Monday, Jan. 22, 1951
Code-Breaker?
Wisconsin's Senator Joe McCarthy, who has been bombarding Columnist Drew Pearson, last week thought he had finally zeroed in on his target. In Pearson's column of Dec. 30 in the Washington Post, said McCarthy on the Senate floor, Pearson had quoted, apparently verbatim, four messages to the Joint Chiefs of Staff from Major General Charles Willoughby, General MacArthur's intelligence chief. The messages gave exact figures on the strength of Chinese troops in Korea, and, wrote Pearson, the figures were much smaller than those publicly released by MacArthur. Charged McCarthy: an enemy who had both the coded and decoded Willoughby messages could break the U.S. code.
Pearson promptly retorted that he had been assured by the Pentagon that no security was involved in the messages, and that, anyhow, he had changed enough words and dates to protect the code.

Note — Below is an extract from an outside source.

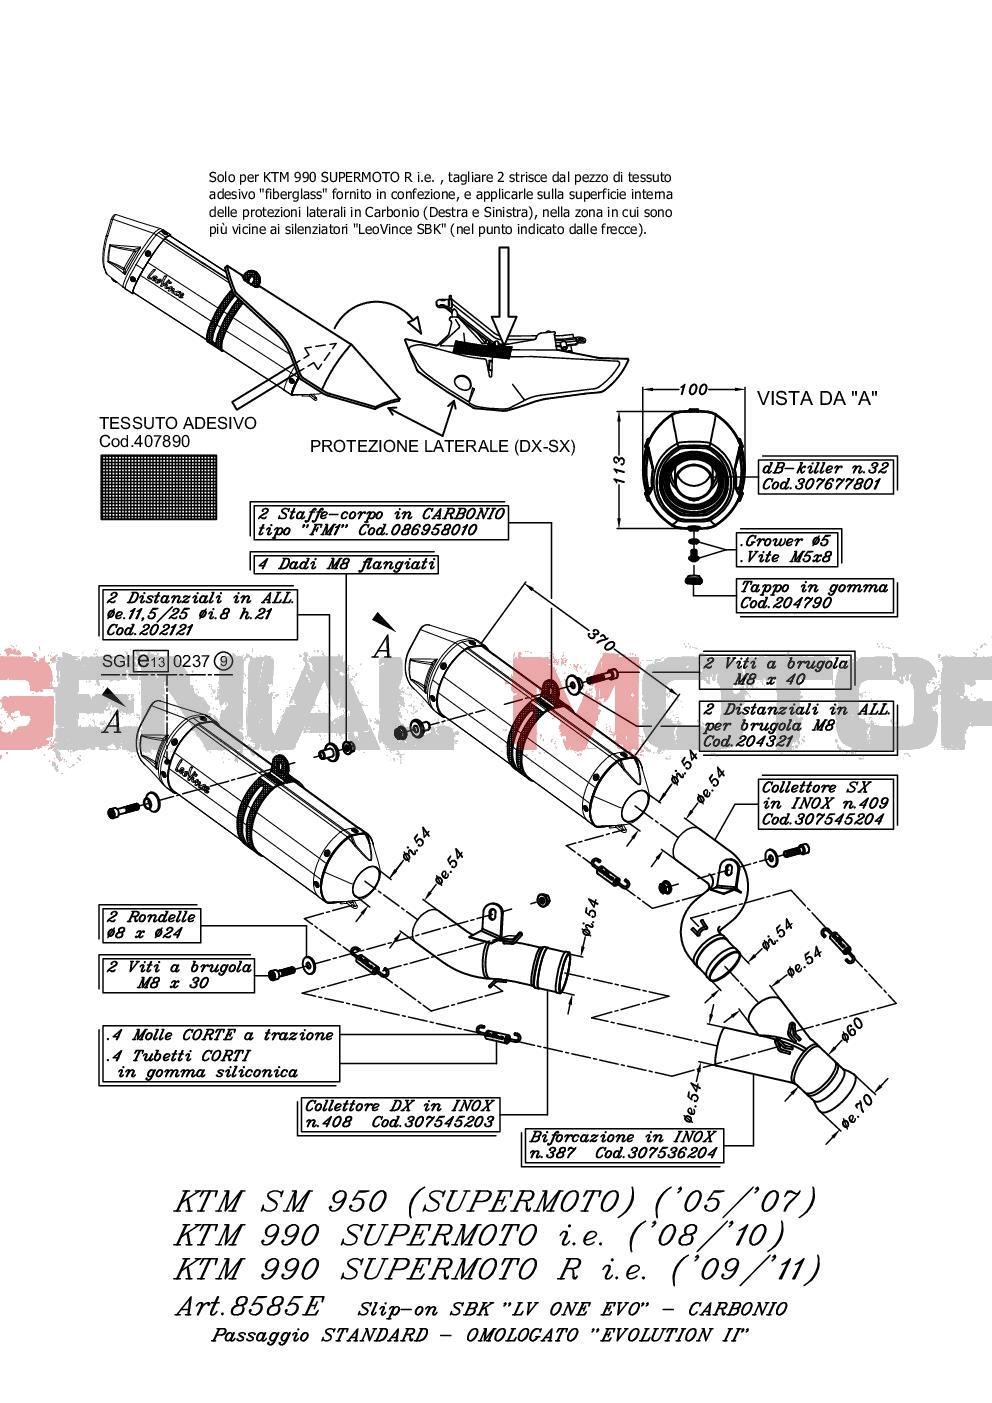 8585E 2 Terminali Scarico Leovince Lv One Evo Carbon Ktm 950 Sm Supermoto 2005 > 2008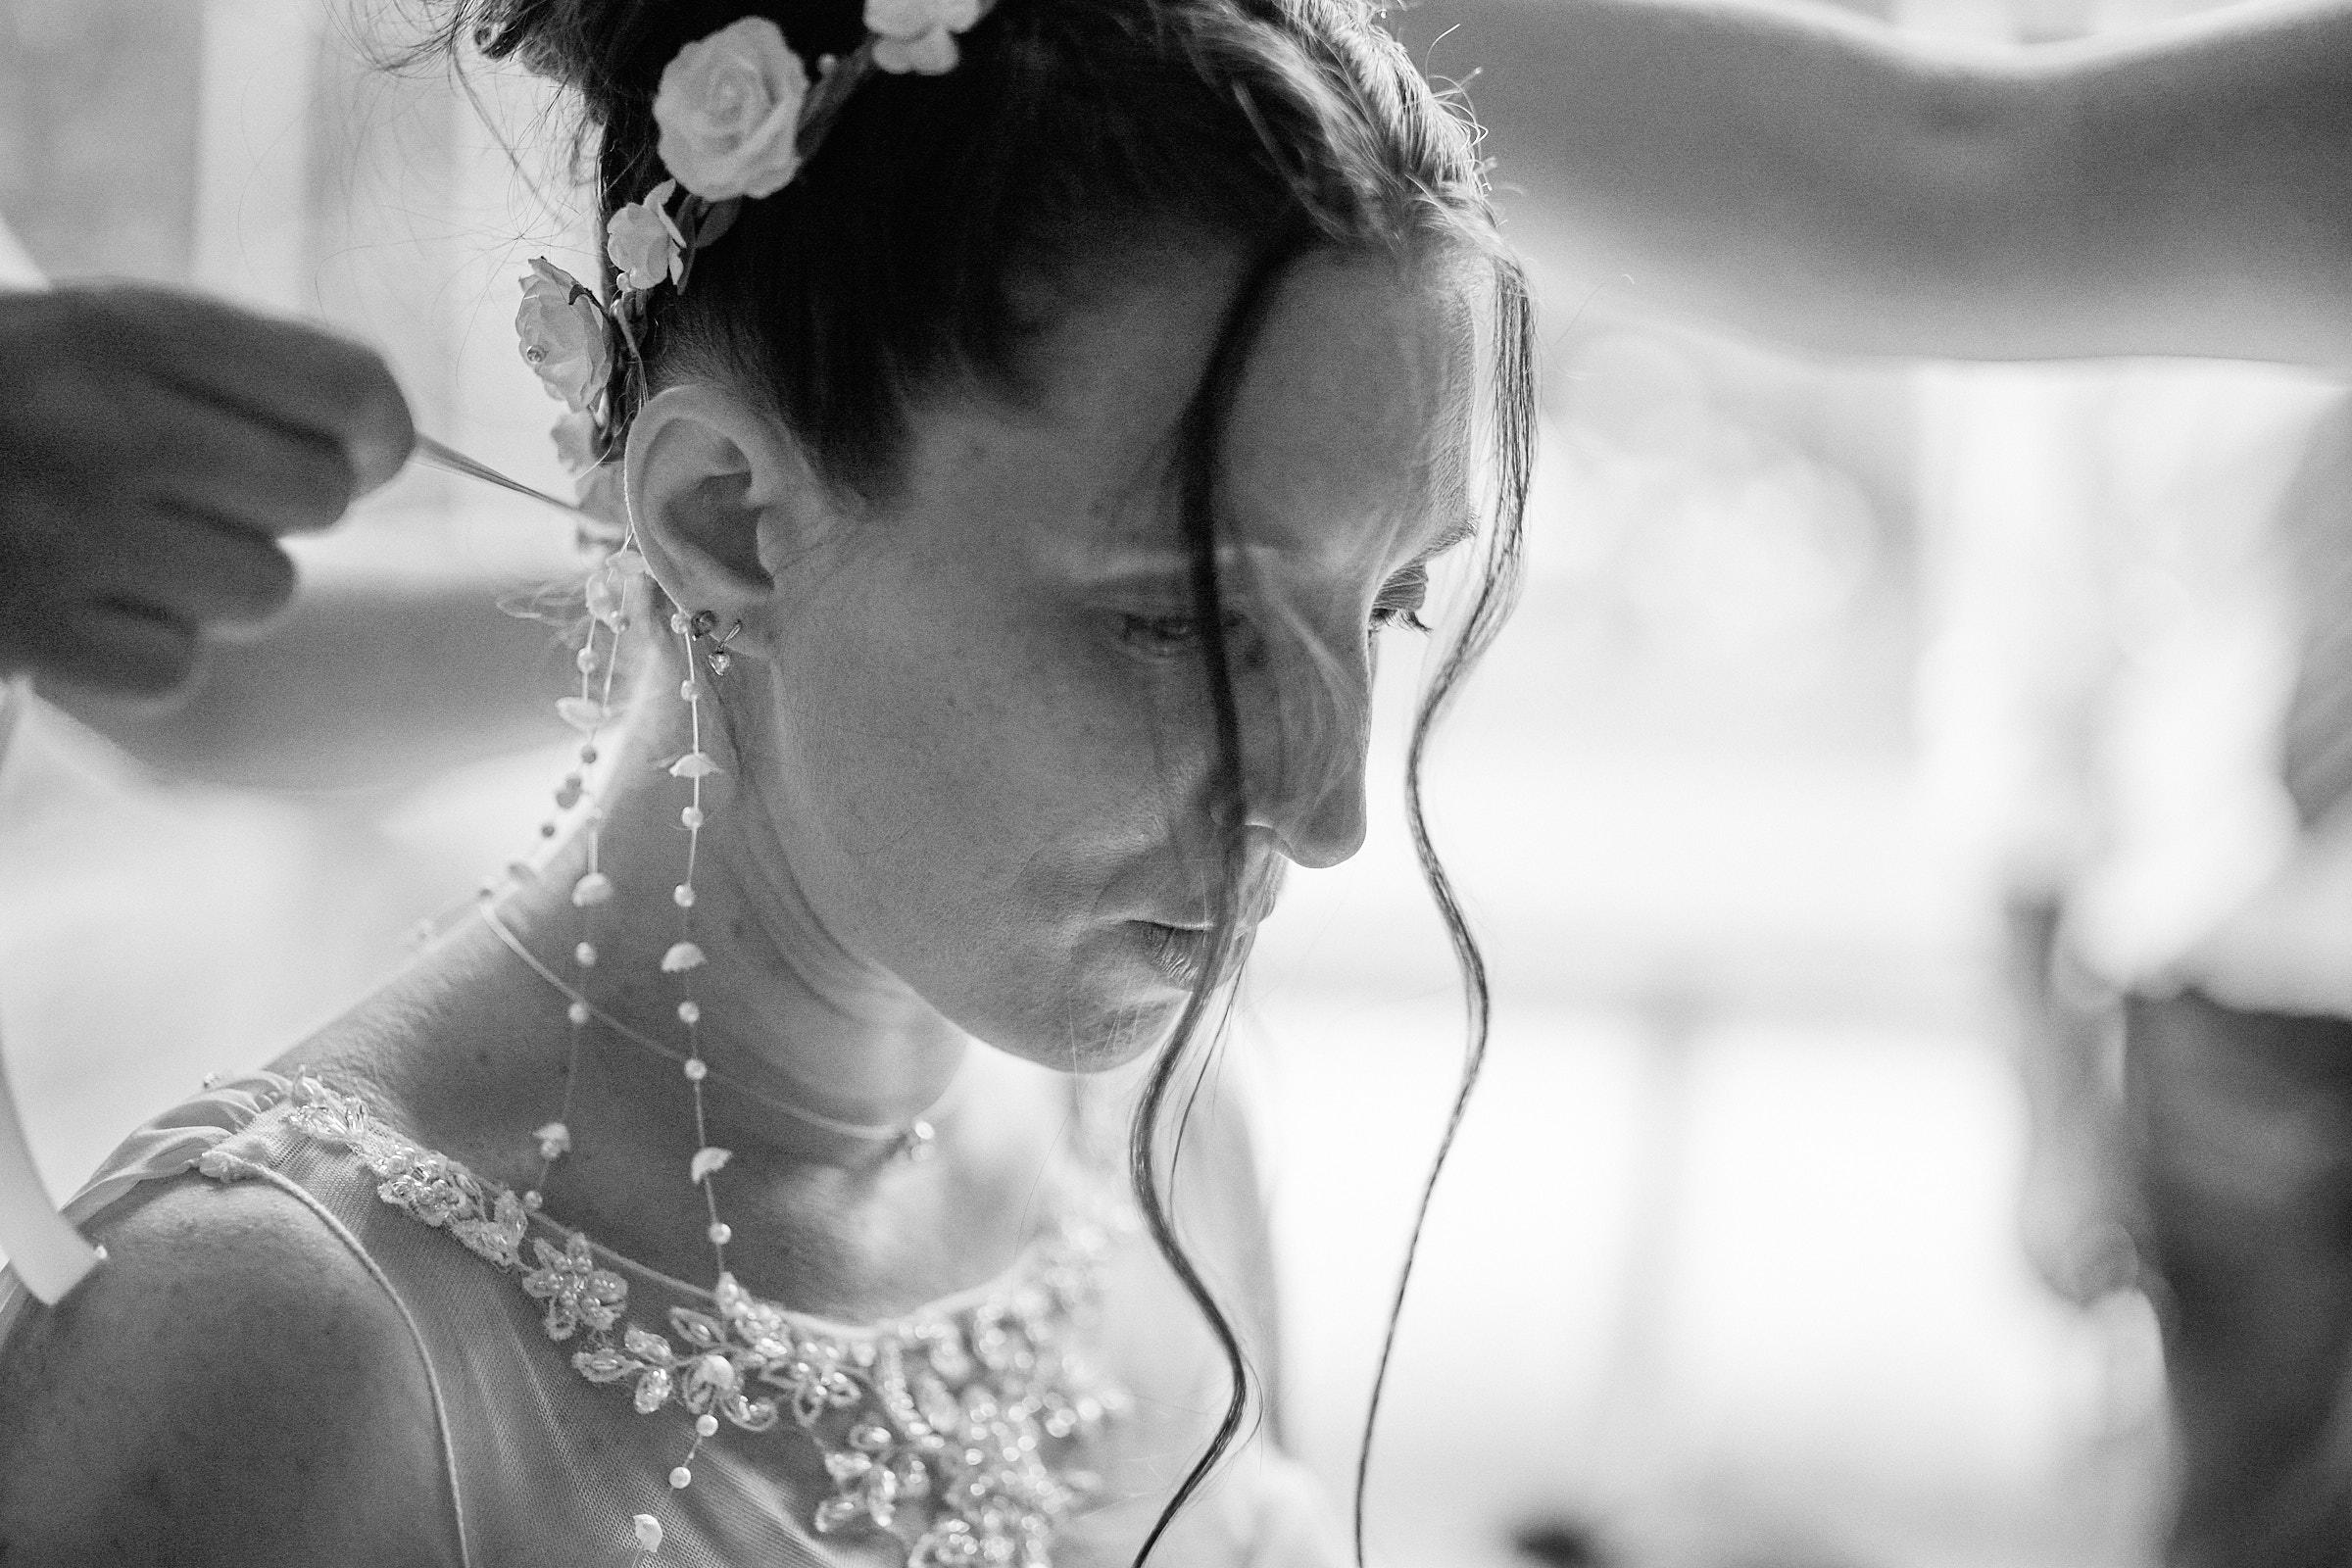 pose des accessoires dans la coiffure de la mariée

Not at all satisfied, McCarthy fired off a list of questions to Army Secretary Frank Pace. Was it enough, as Pearson claimed it was, to change a few words to protect the U.S. code? Had the Pentagon cleared the messages for publication, and if not, how had Pearson gotten them? Pace replied that the messages were classified material, and that the Army had not approved them for publication. But for technical reasons, Pace wrote, "cryptographic security has not been violated." Nevertheless, the Army had started a special investigation to find out how Pearson got the messages (six days before McCarthy had raised the issue).
Washington newsmen pretty well know how Pearson, a useful tool in the throat-cutting that is always going on in Washington, got the messages. They apparently came from someone in the Pentagon with the knife out for MacArthur. But in printing classified material, Pearson had pulled a journalistic bonerif the Army wanted to be tough about it.